Task objective: The listing that follows must be retyped exactly, without its pictures.
---------- Information provided
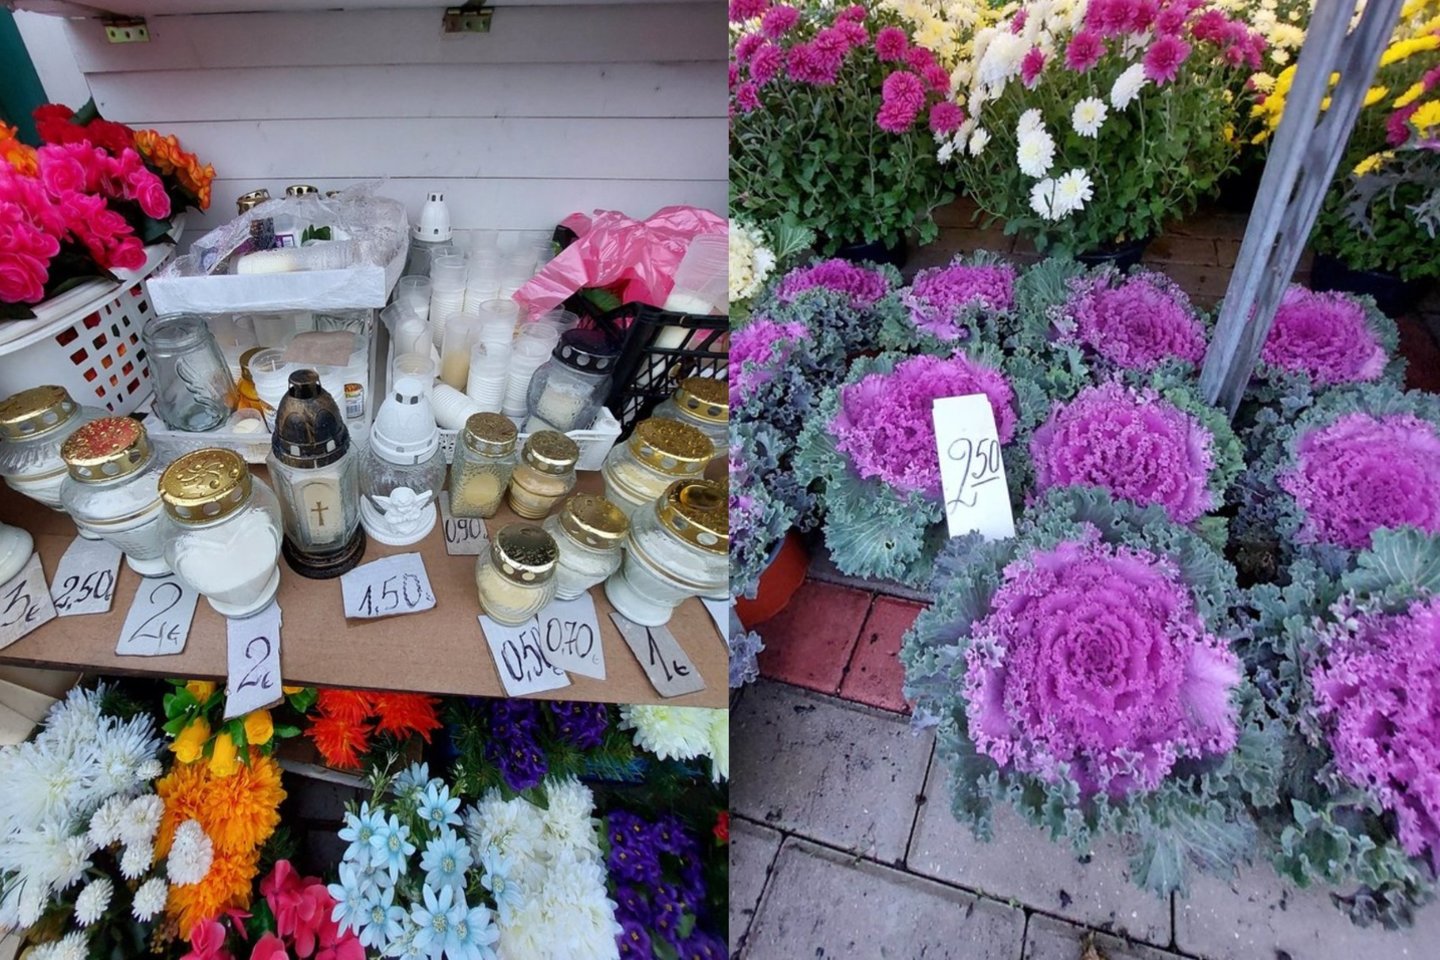 Vėlinėms vis artėjant, lietuviai iš parduotuvių ir turgaus tempia kapų žvakes, vainikus, gėles.<br>Asociatyvi M.Žemrietės nuotr.
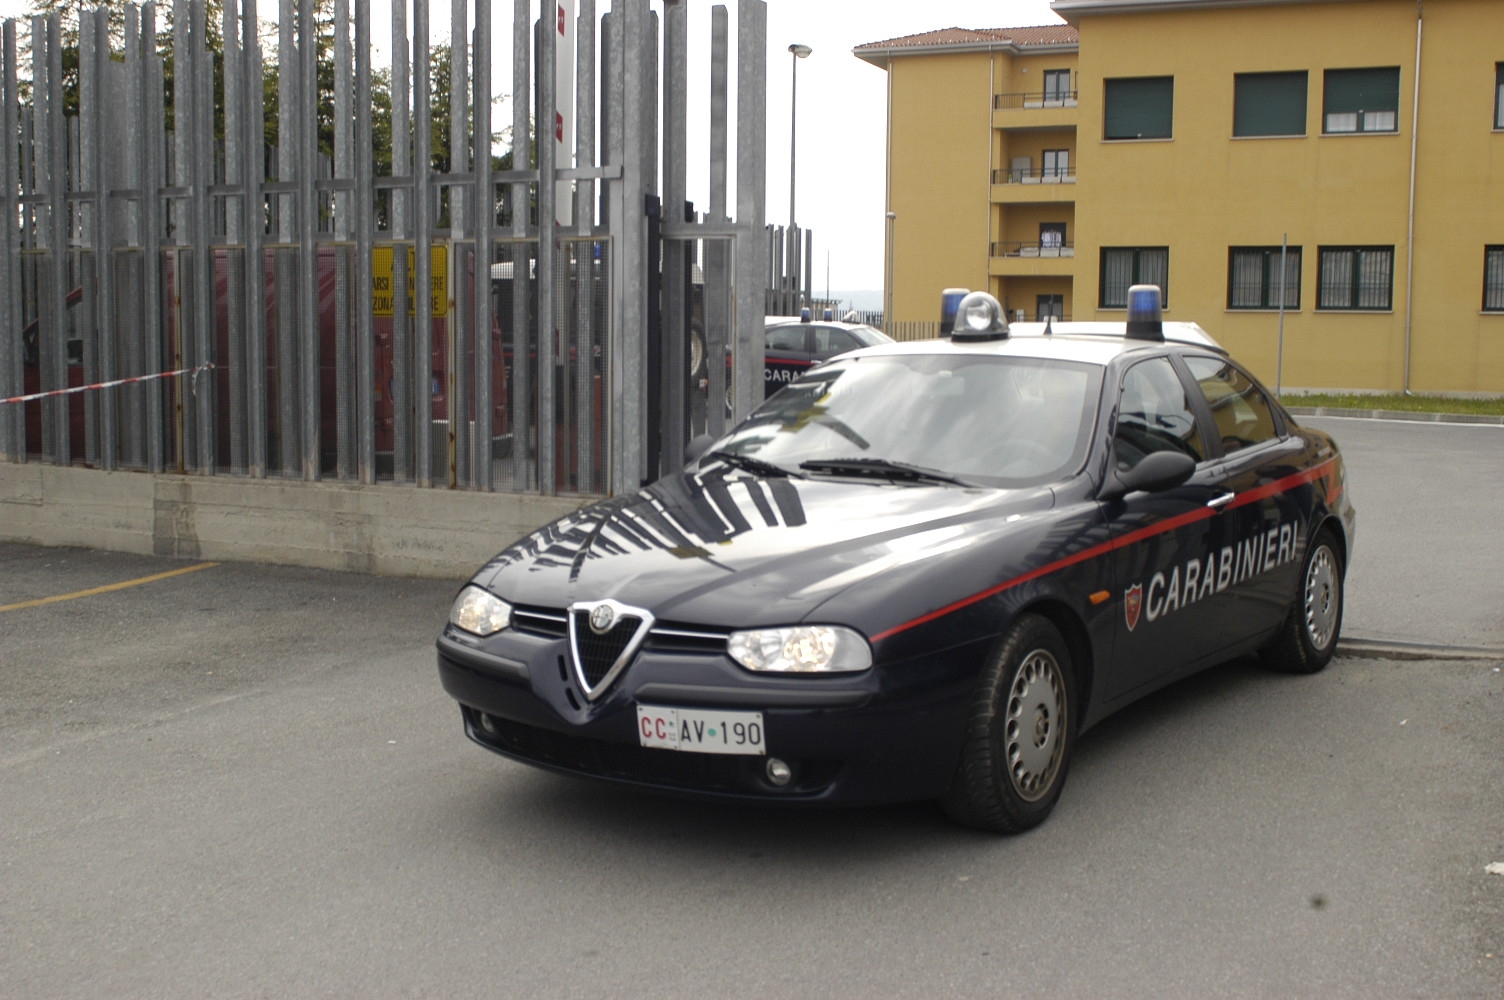 "Carabinieri - Ciak si gira", alle 23.30 su Rai 1: ecco qualche anticipazione...
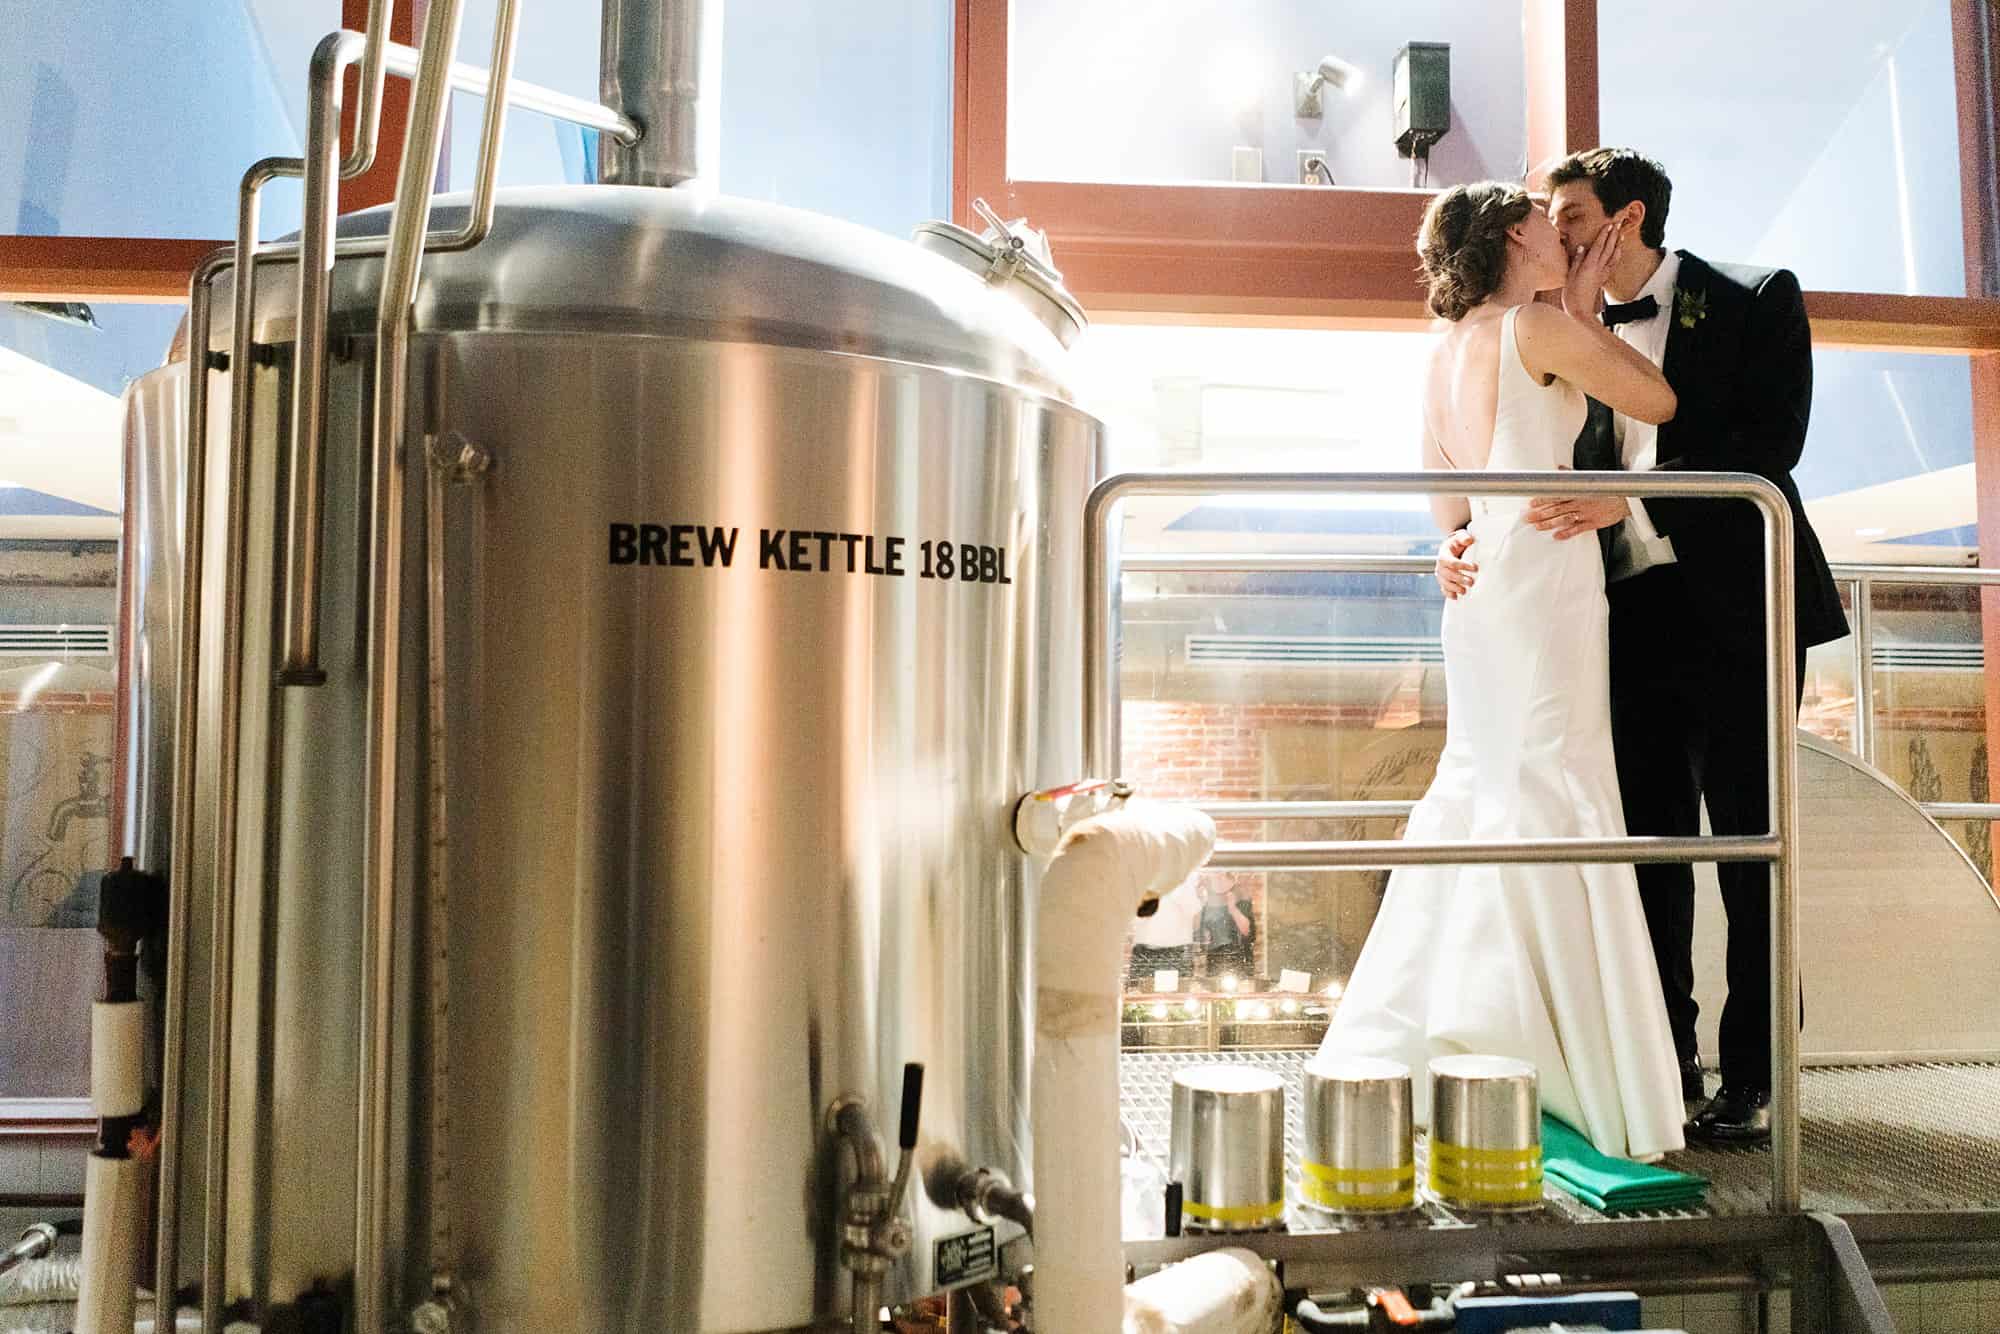 triumph brewery wedding steps cylo bride and groom silo nj princeton unique foodie gormet kiss reception venue
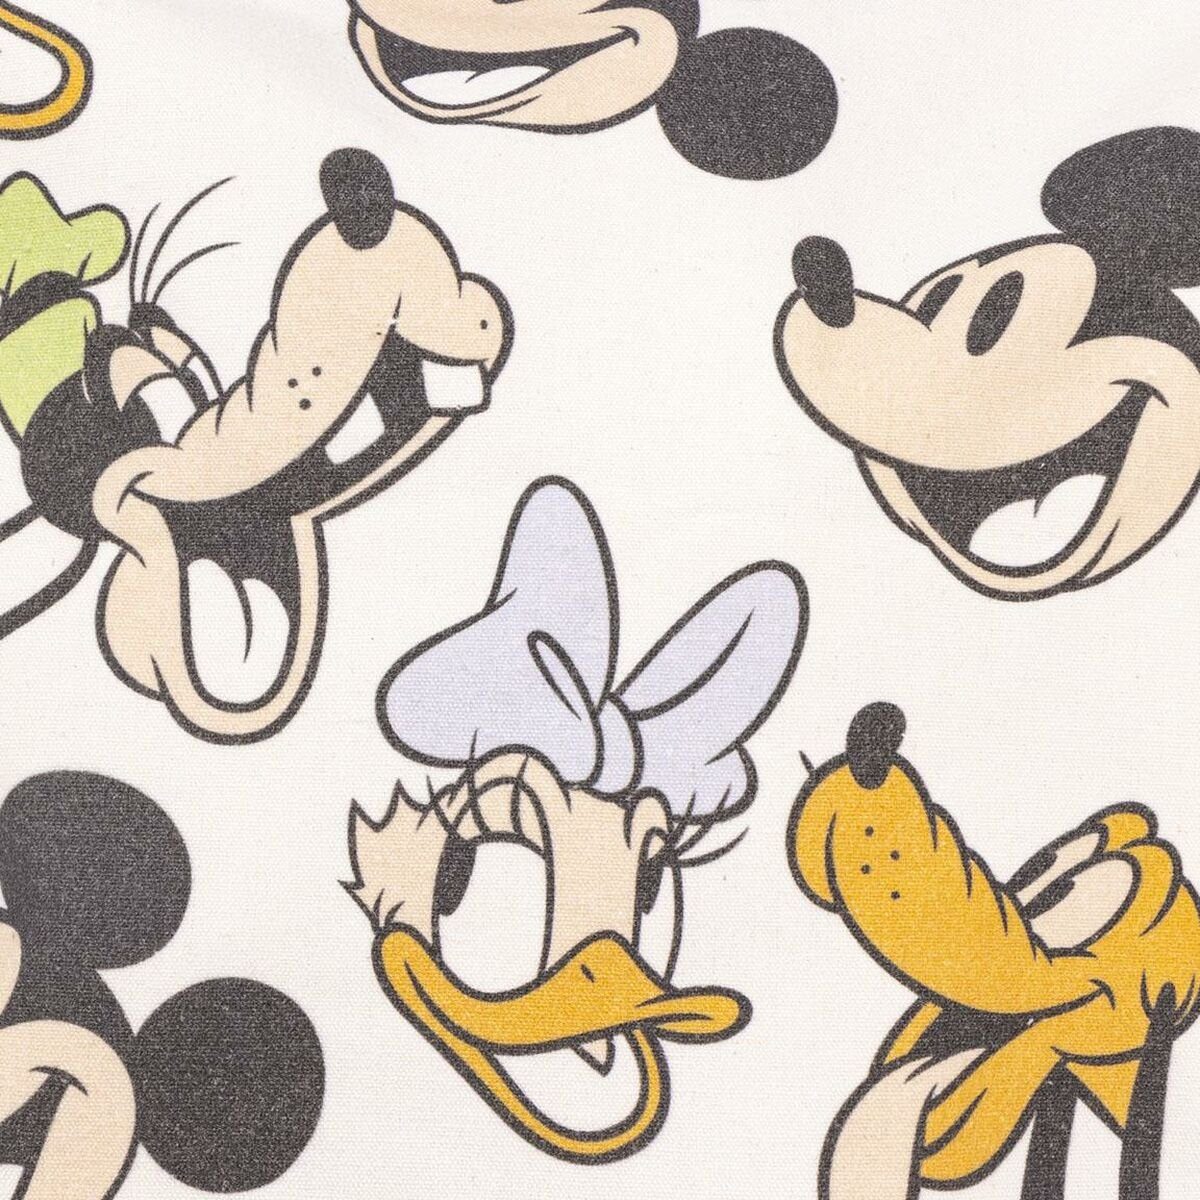 Disney Minnie Mouse 39 Minnie Einkaufstasche x Mouse cm 36 Handtasche x 0,4 Bunt
--------------------
Reply to the task:
 Vėlinėms vis artėjant, lietuviai iš parduotuvių ir turgaus tempia kapų žvakes, vainikus, gėles.<br>Asociatyvi M.Žemrietės nuotr.
 "Carabinieri - Ciak si gira", alle 23.30 su Rai 1: ecco qualche anticipazione...
 triumph brewery wedding steps cylo bride and groom silo nj princeton unique foodie gormet kiss reception venue
 Disney Minnie Mouse 39 Minnie Einkaufstasche x Mouse cm 36 Handtasche x 0,4 Bunt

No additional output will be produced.